Figuur 5. Beker met diamantknoppen.
Behalve de vondst van de uitzonderlijke beker, leverde de waterput ook belangrijke informatie op over het Sint-Niklase landschap op het einde van de 3de eeuw v.o.t. Dankzij een verder onderzoek van de pollen, zaden en vruchten die in de waterput terechtgekomen waren, weten we dat er sprake was van een zeer bosrijke omgeving met een vrij open ruimte ter hoogte van de nederzetting. Door bosbeweiding (het laten grazen van vee in het bos) was er waarschijnlijk sprake van een lappendeken van dichter bos, struikgewas en open plekken met grasland. Deze werden ingenomen door akkers en graslanden met enkele ruige plekjes aan de randen, die overgingen in boszomen.
In de bossen waren vooral eik en berk te vinden, maar ook lindebomen kwamen vrij vaak voor. Nabij open plaatsen in het bos stonden hazelaars. Behalve hazelnoten, leverde de omgeving ook andere eetbare zaken, zoals bramen, frambozen, dauwbramen en sleedoorn.
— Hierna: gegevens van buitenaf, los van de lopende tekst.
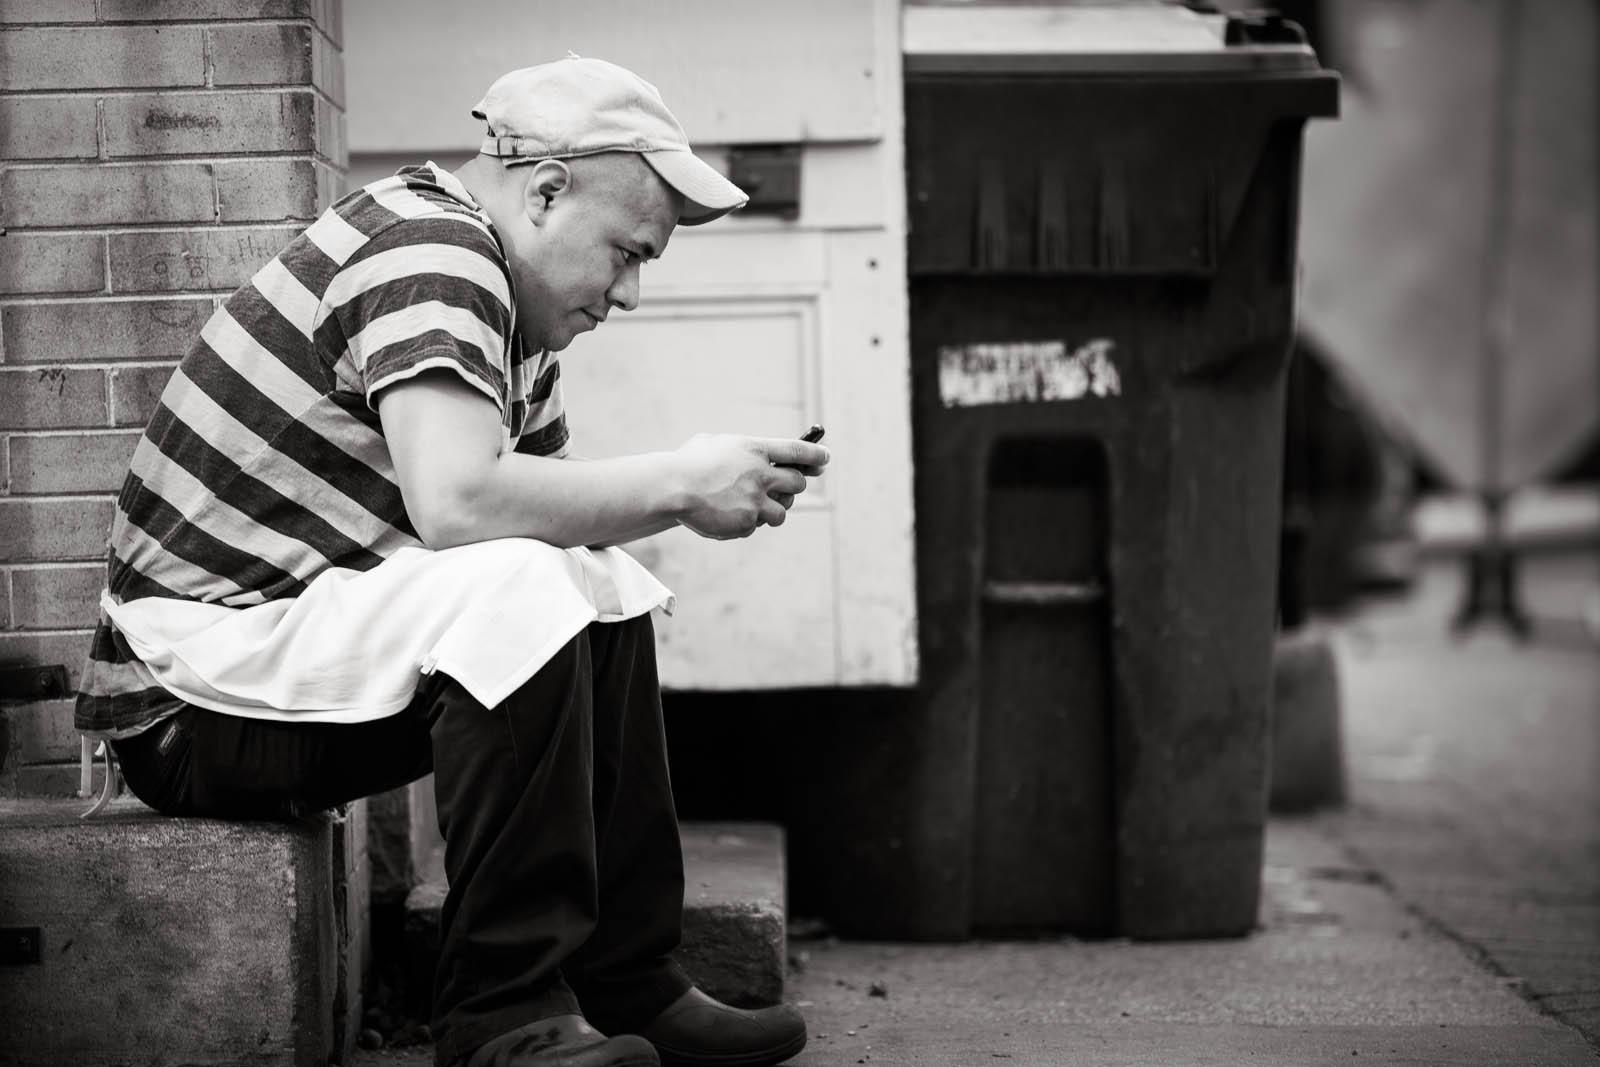 StreetPhotography_DownTownRaleighNC_ErnestoSue-2373.jpg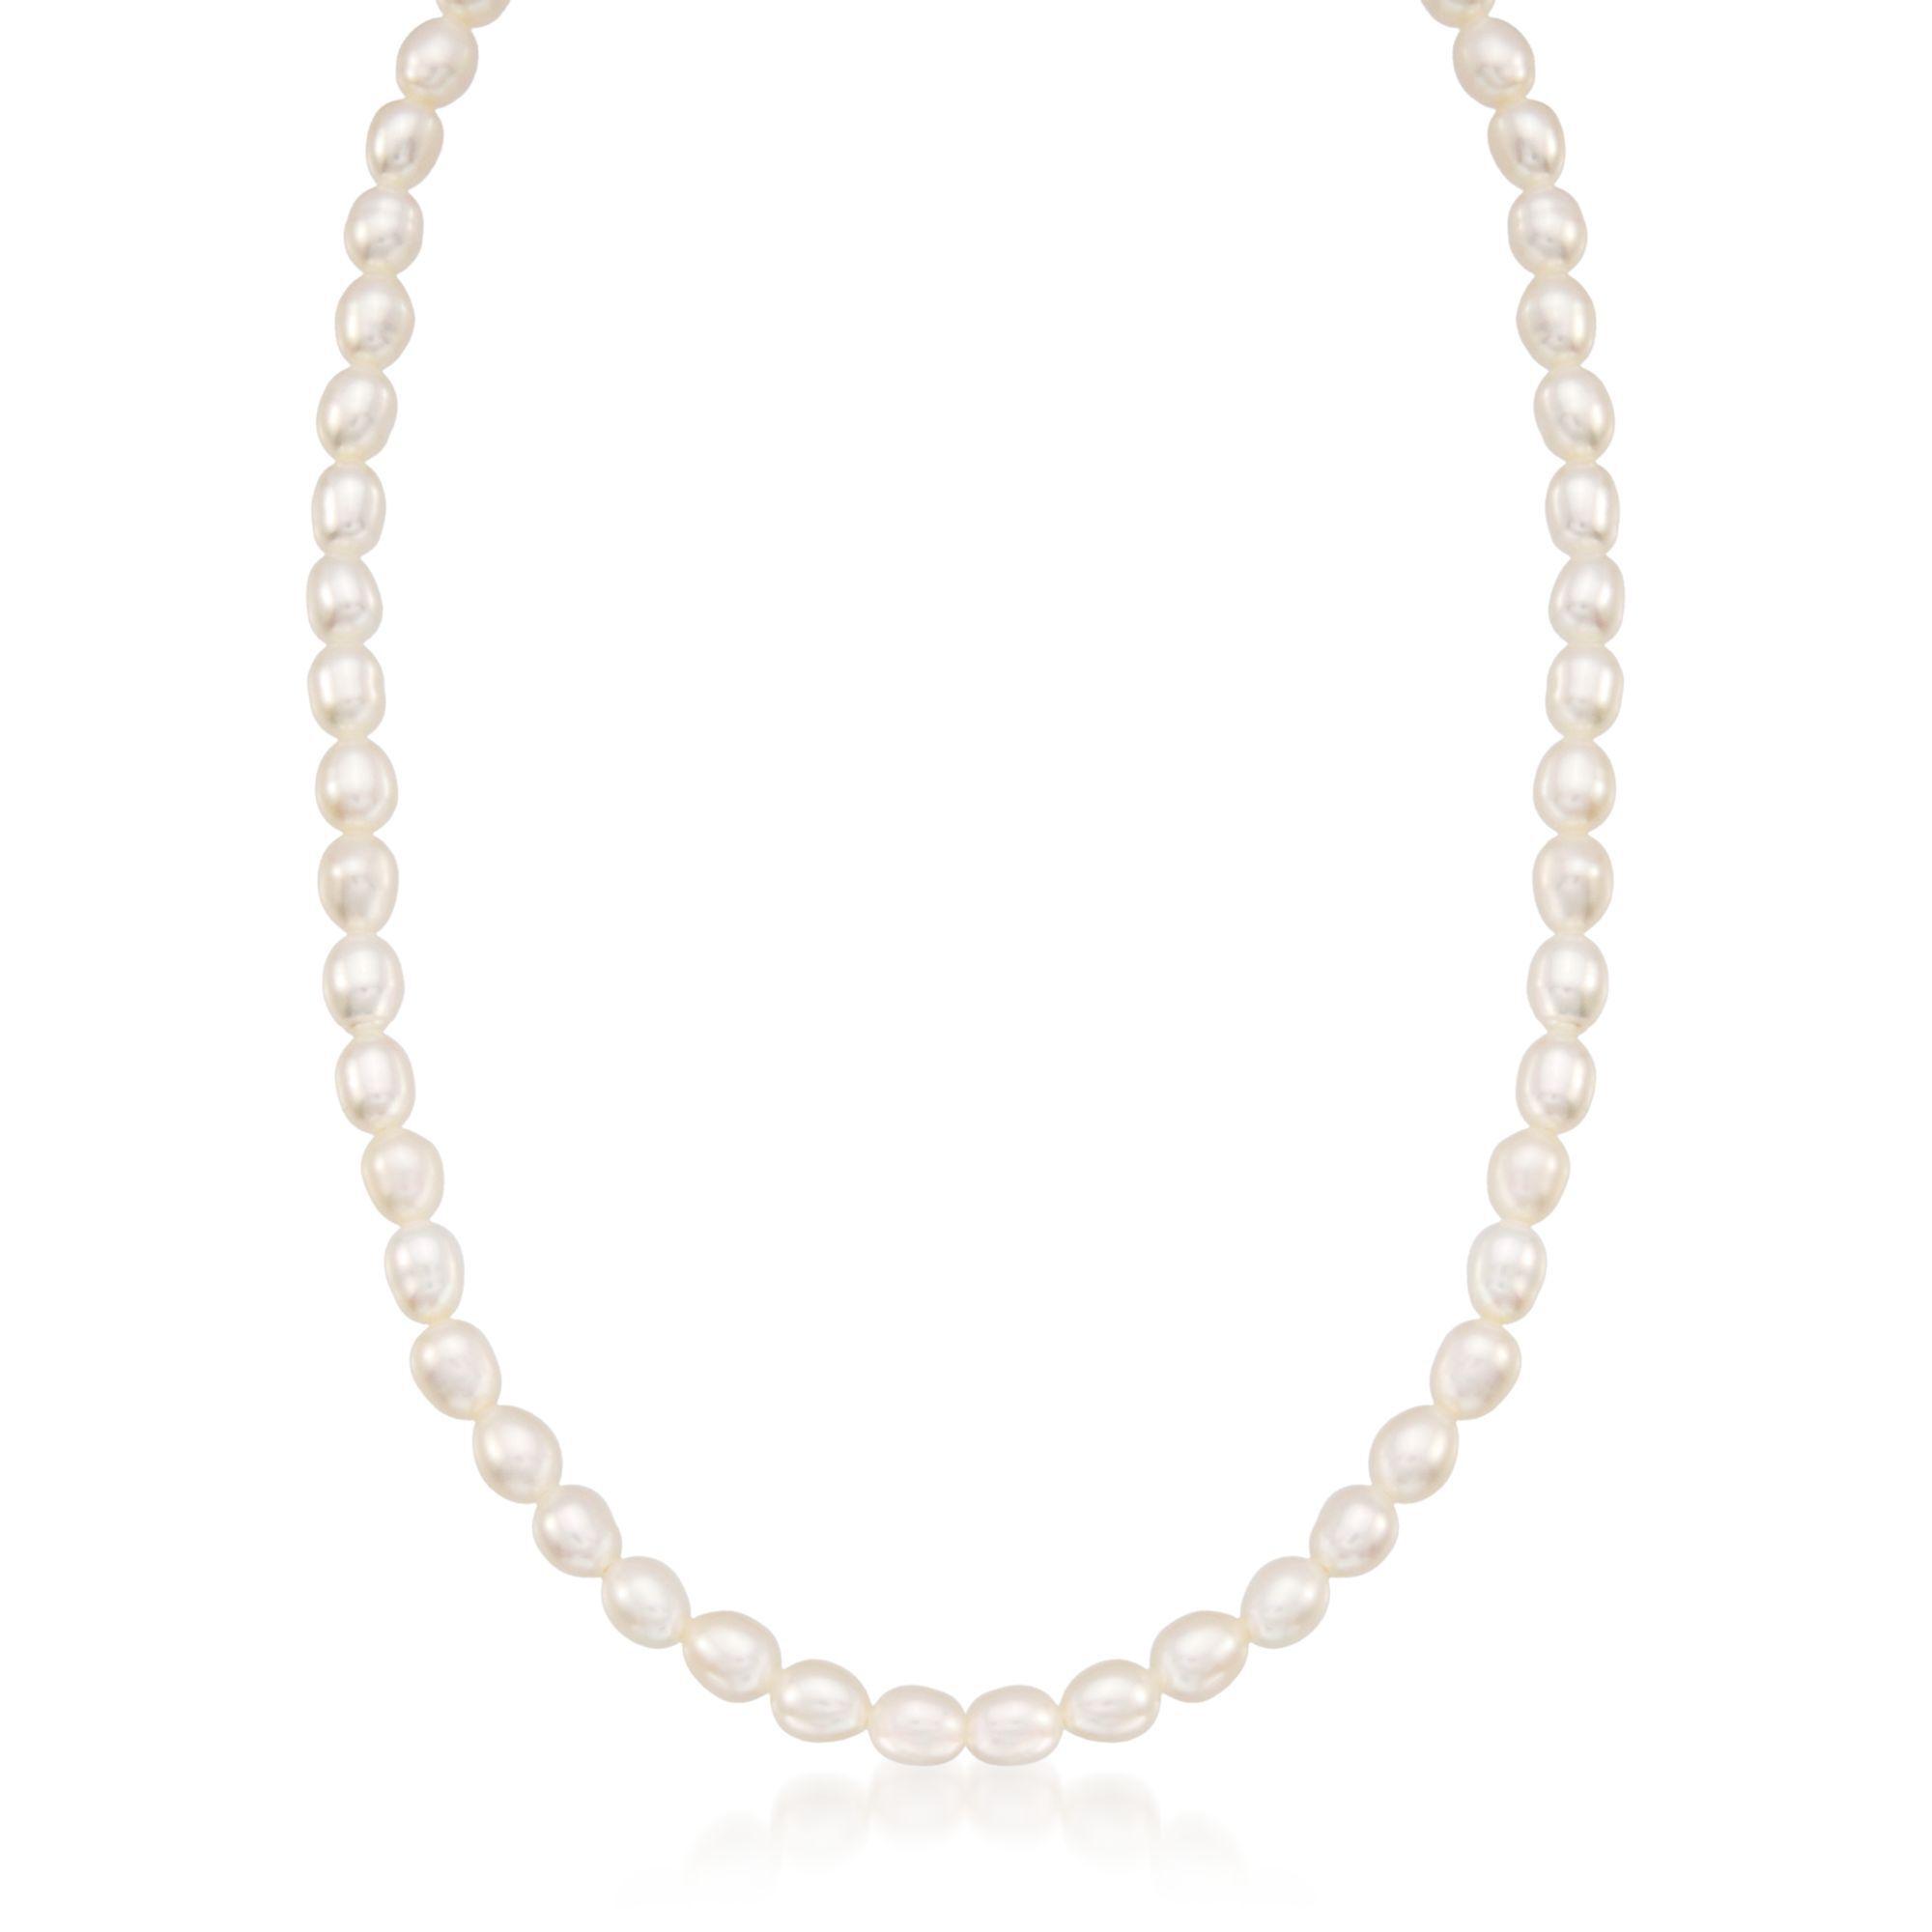 6 14k Yellow Gold 4-4.5mm Girls White Freshwater Cultured Pearl Bracelet

De weilanden rond de nederzetting werden vrij intensief begraasd door vee. Dit zal vooral in de zomer geweest zijn, aangezien de weilanden in de winter lang nat bleven. Akkerbouw lijkt vrij beperkt te zijn geweest. De gewassen die verbouwd werden waren pluimgierst, emmertarwe, bedekte gerst, vlas en huttentut. Dat laatste leverde eetbare, olierijke zaden.
Figuur 6. Reconstructie van het landschap omstreeks 221 – 210 v.o.t.
Na de bewoningsfase in de late ijzertijd lijkt het gebied zijn bewoningsfunctie verloren te hebben. Er zijn geen duidelijke aanwijzingen voor een continuïteit naar de Romeinse periode toe. Het kan uiteraard niet uitgesloten worden dat deze in de onmiddellijke omgeving wel terug te vinden is. Binnen het huidige Europark-Zuid werden alleszins meerdere Romeinse erven en graven teruggevonden. Het is zeker mogelijk dat er nog belangrijke resten liggen onder de atletiekpiste!